How to complete this task: Give back the whole listing exactly as written, pictures excluded.
(Beginning of Data block)
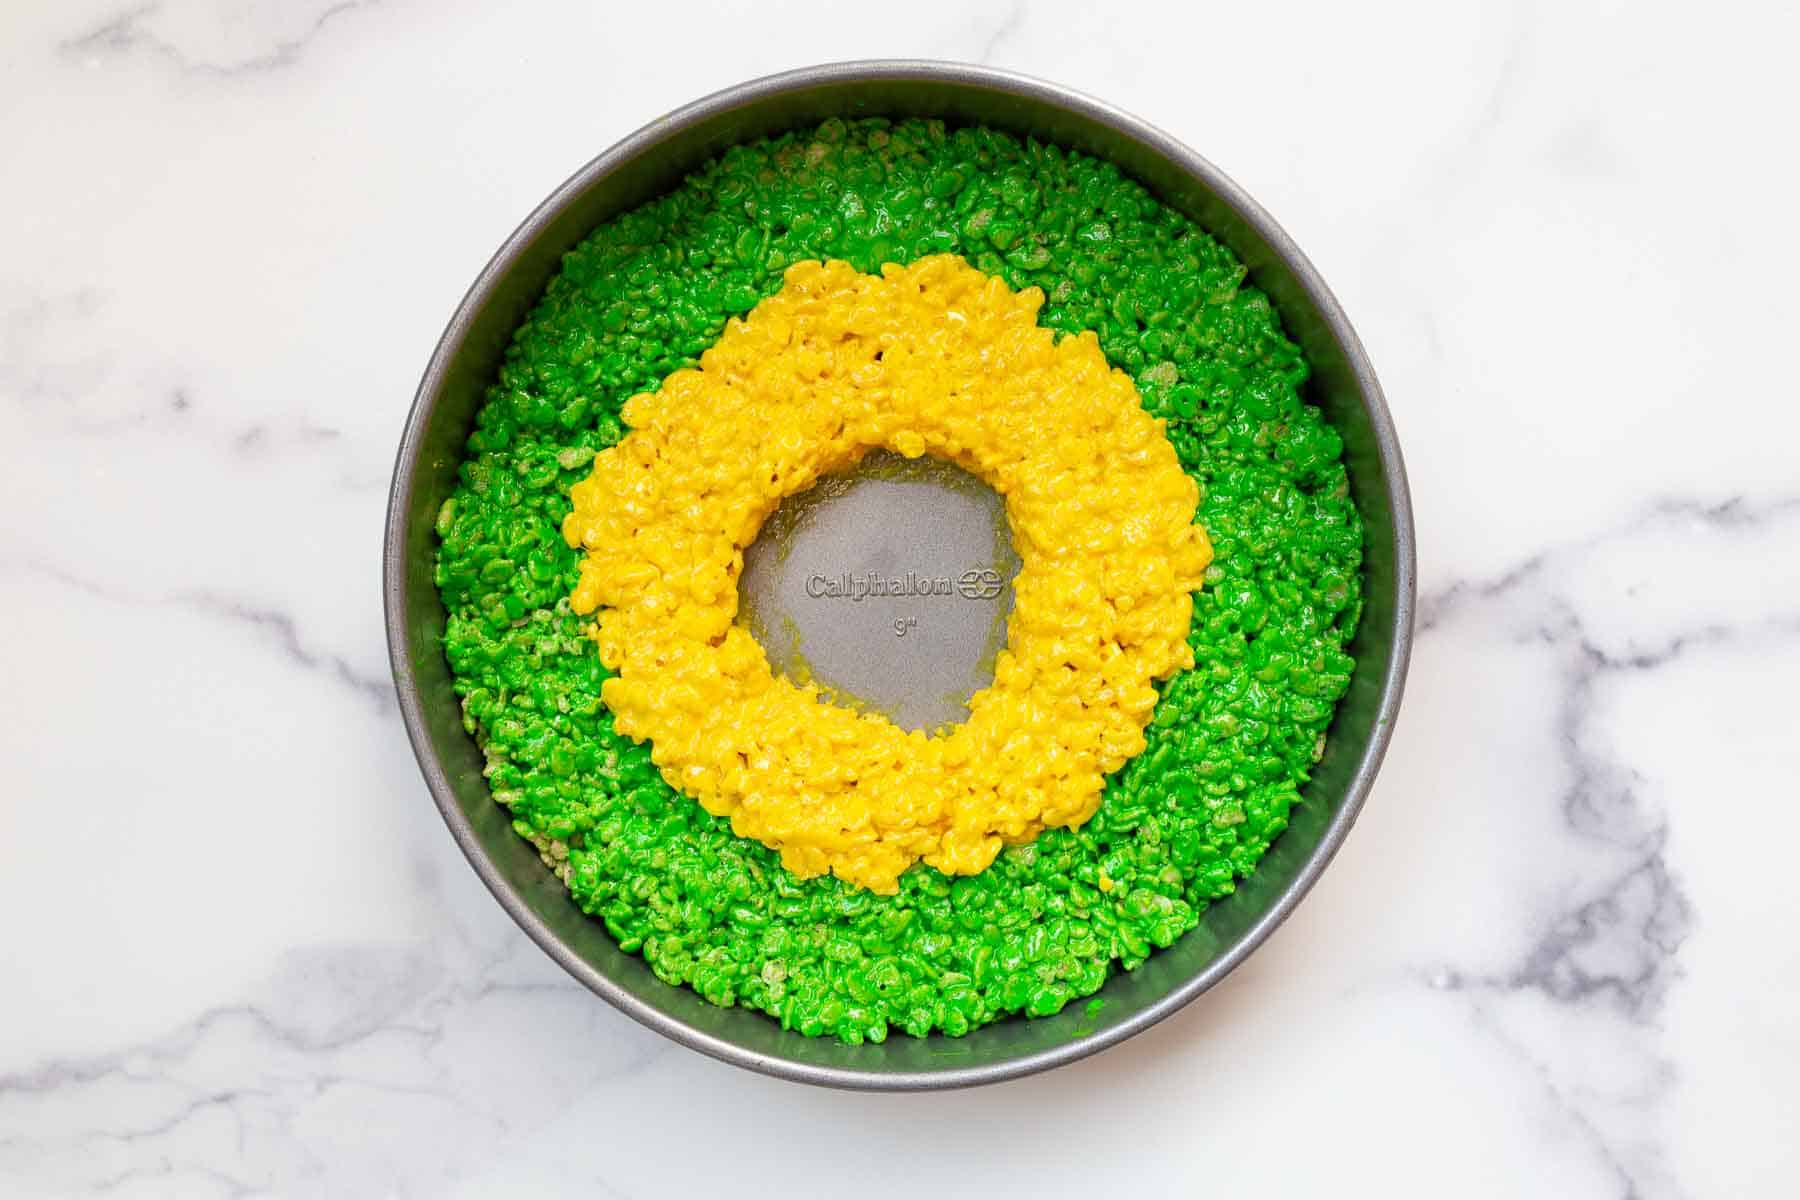 Ring of green and yellow dessert in a round cake pan on marble surface.
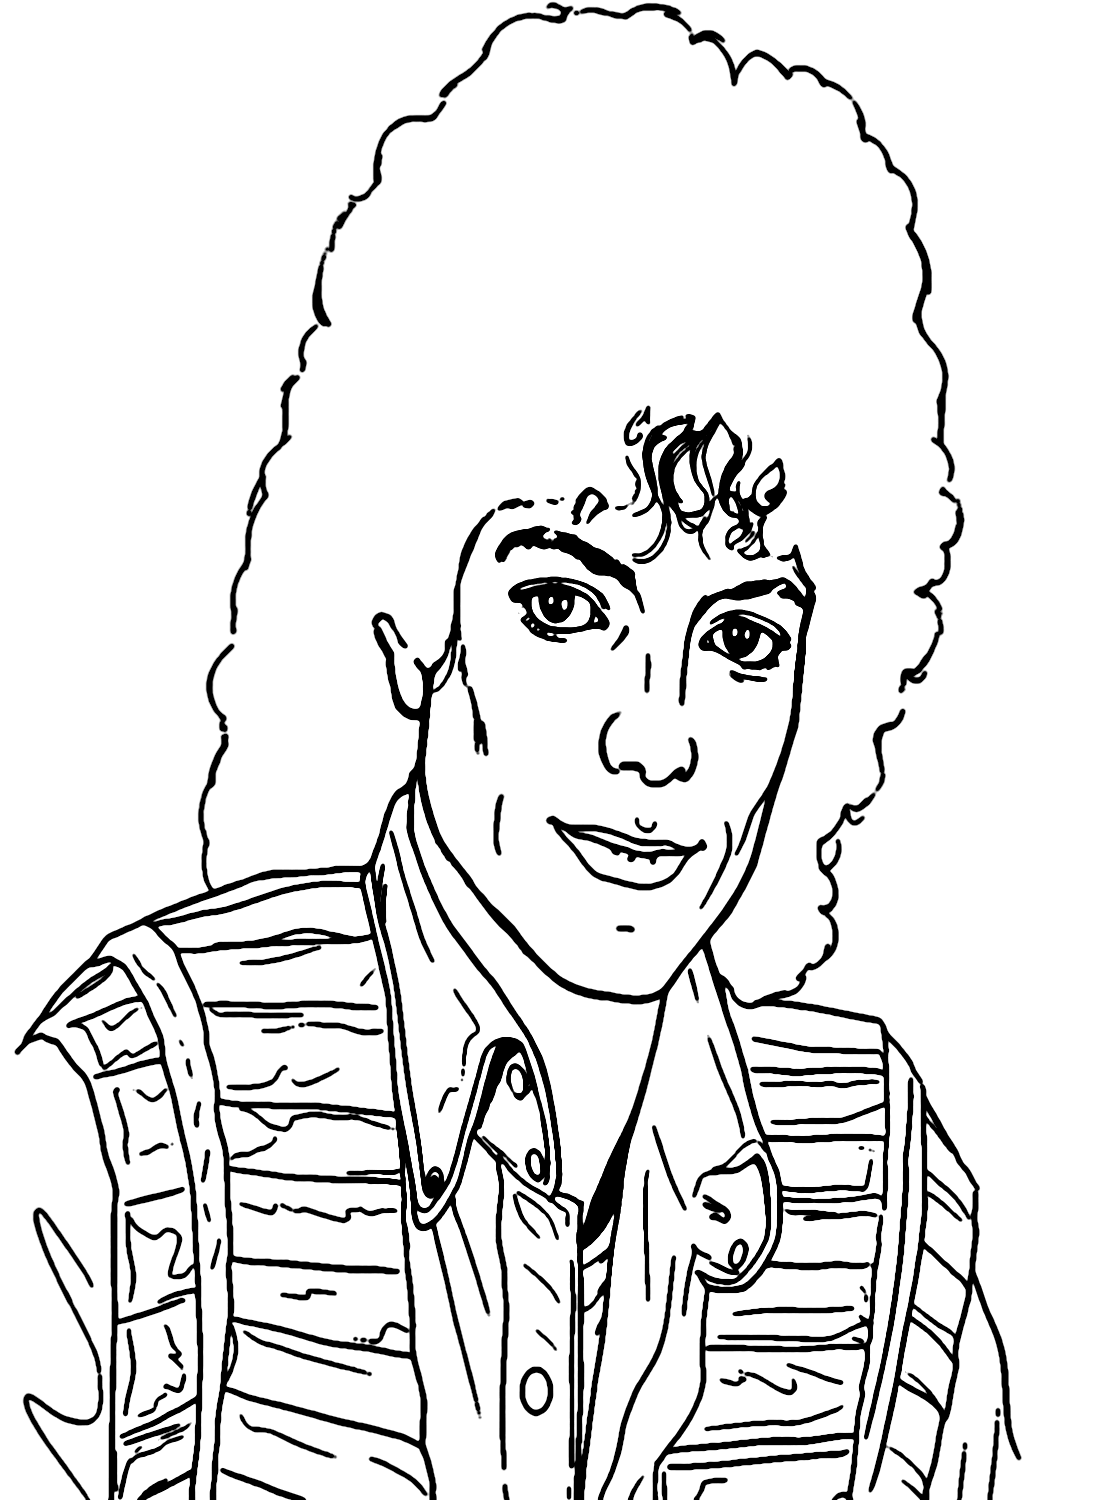 Free Michael Jackson Coloring Page - Free Printable Coloring Pages
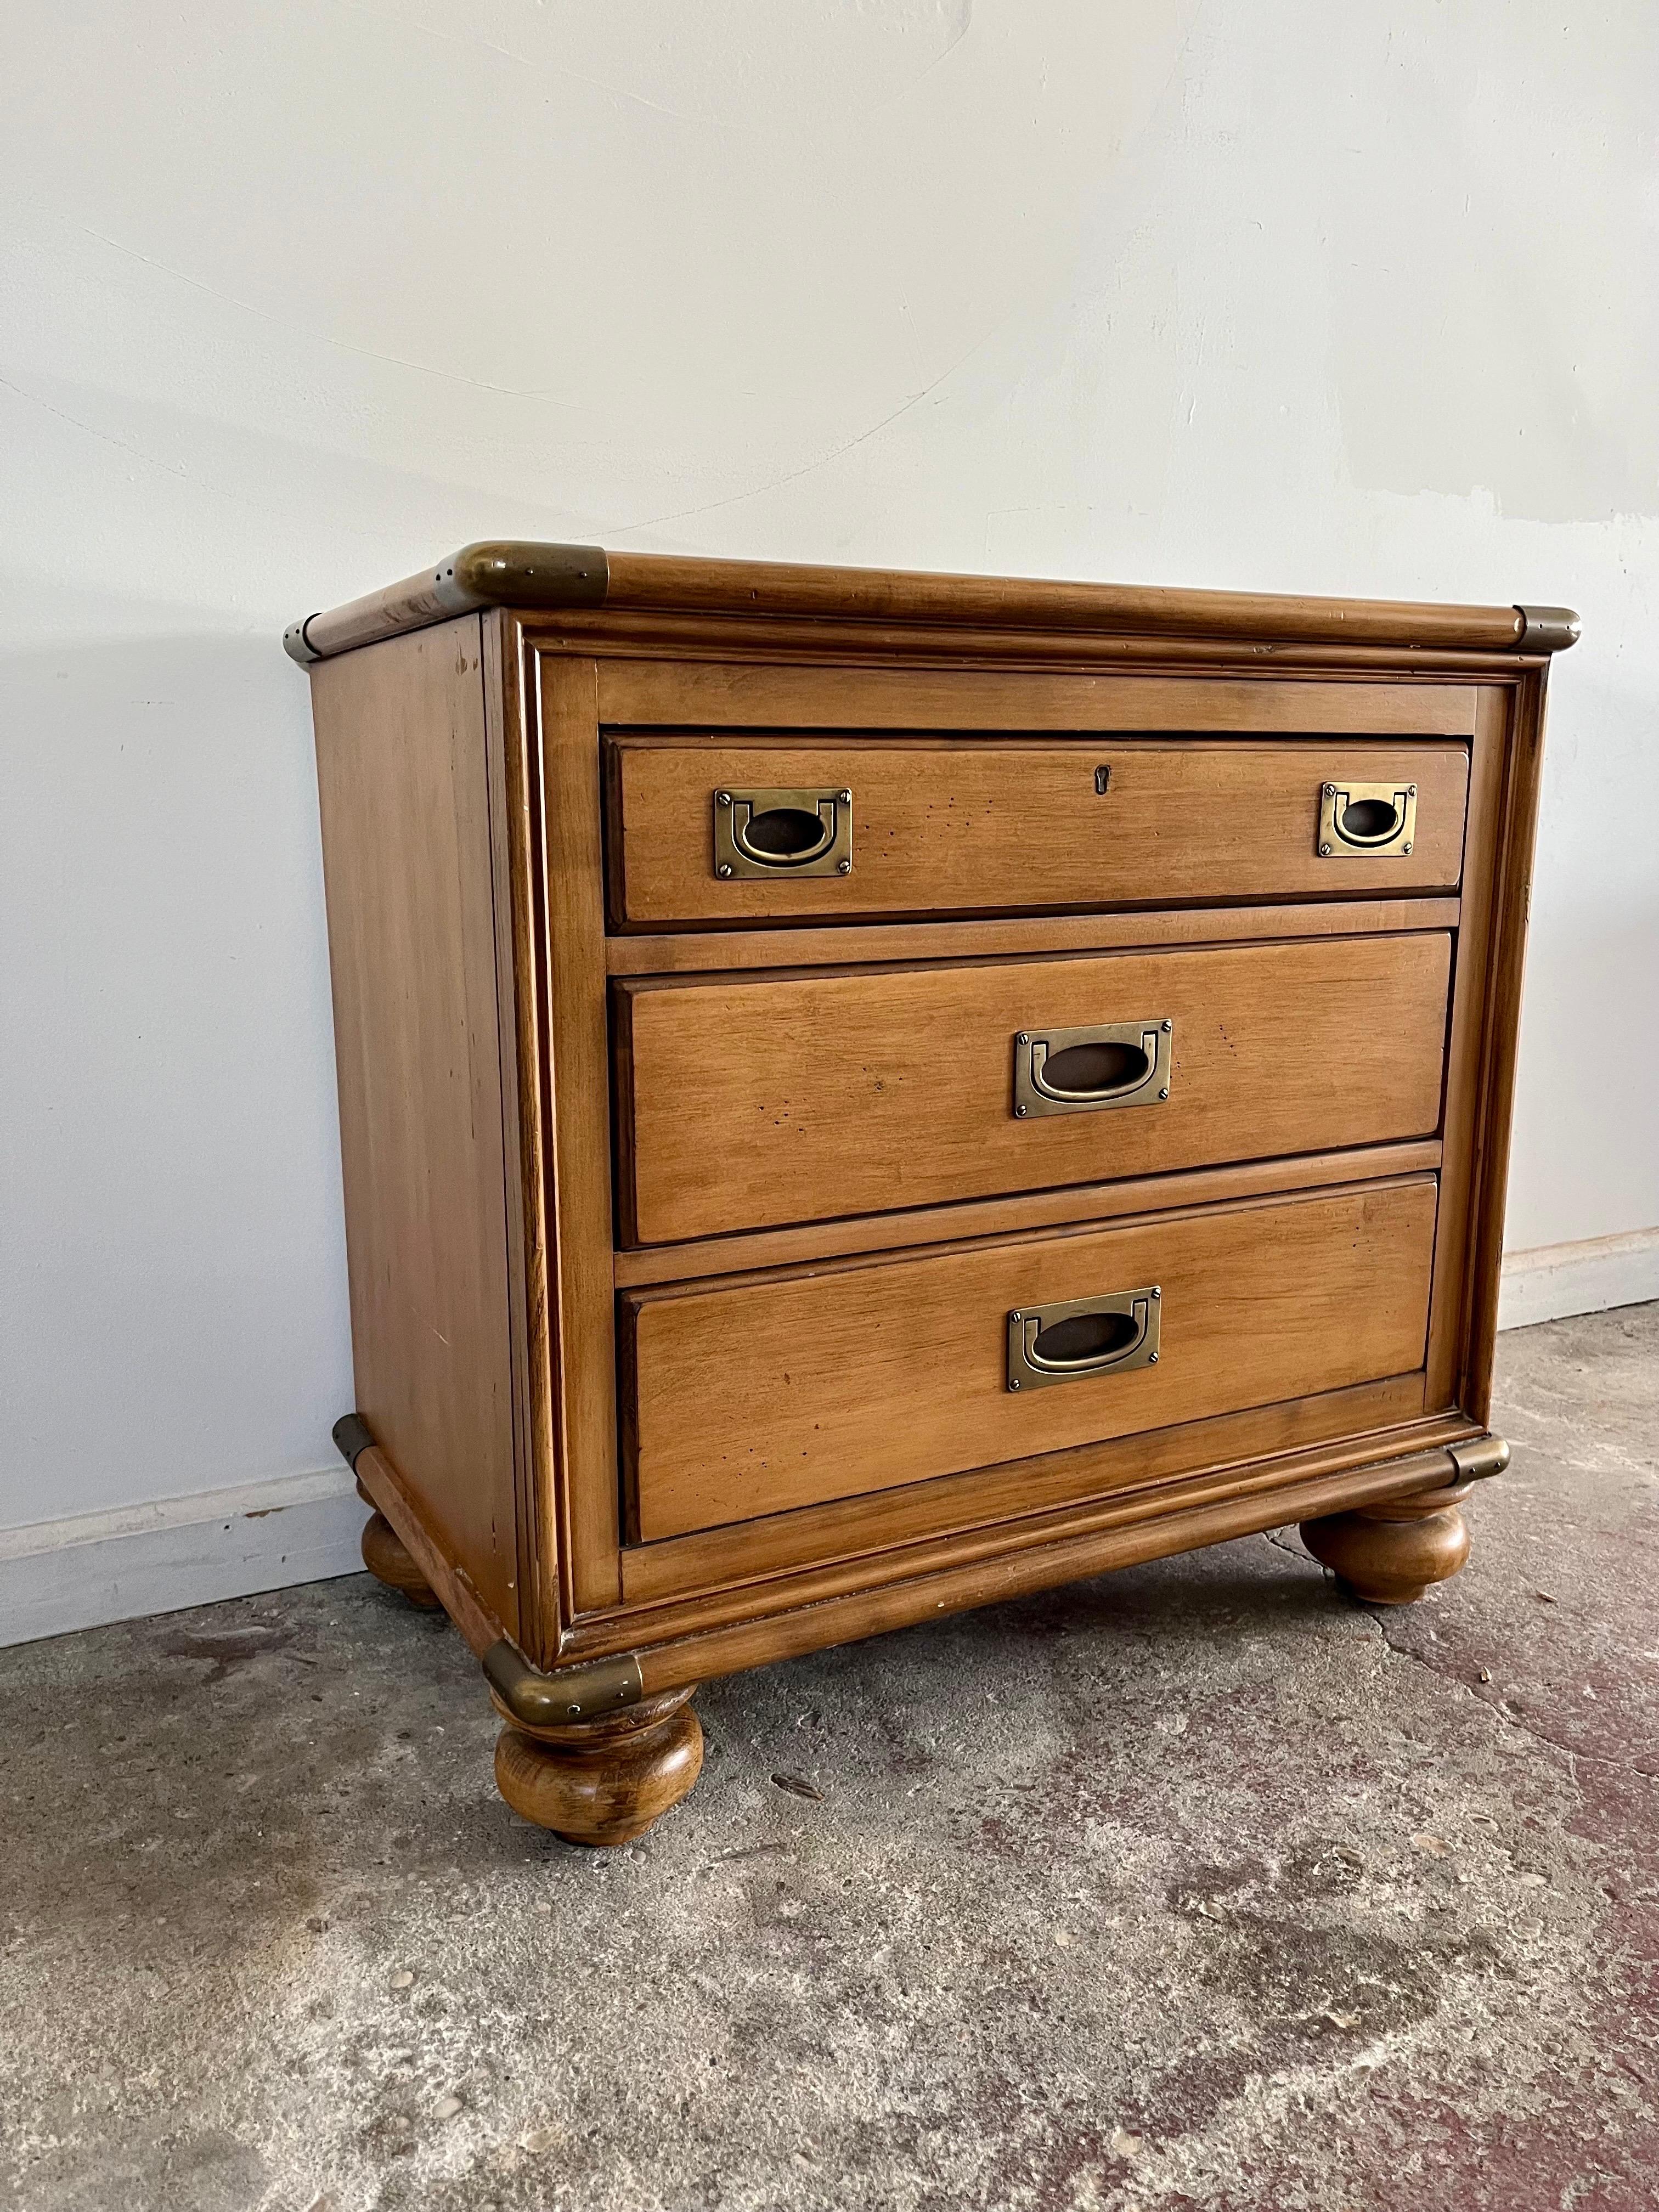 A light stained wood nightstand with brass accents by Lexington Furniture Nautica Home Collection. The chest features three drawers down the front each with brass handles, Brass capped corners and bun feet. The inside of the top right drawer reads
(End of Data block)
Response box:
 Ring of green and yellow dessert in a round cake pan on marble surface.
 Free Michael Jackson Coloring Page - Free Printable Coloring Pages
 A light stained wood nightstand with brass accents by Lexington Furniture Nautica Home Collection. The chest features three drawers down the front each with brass handles, Brass capped corners and bun feet. The inside of the top right drawer reads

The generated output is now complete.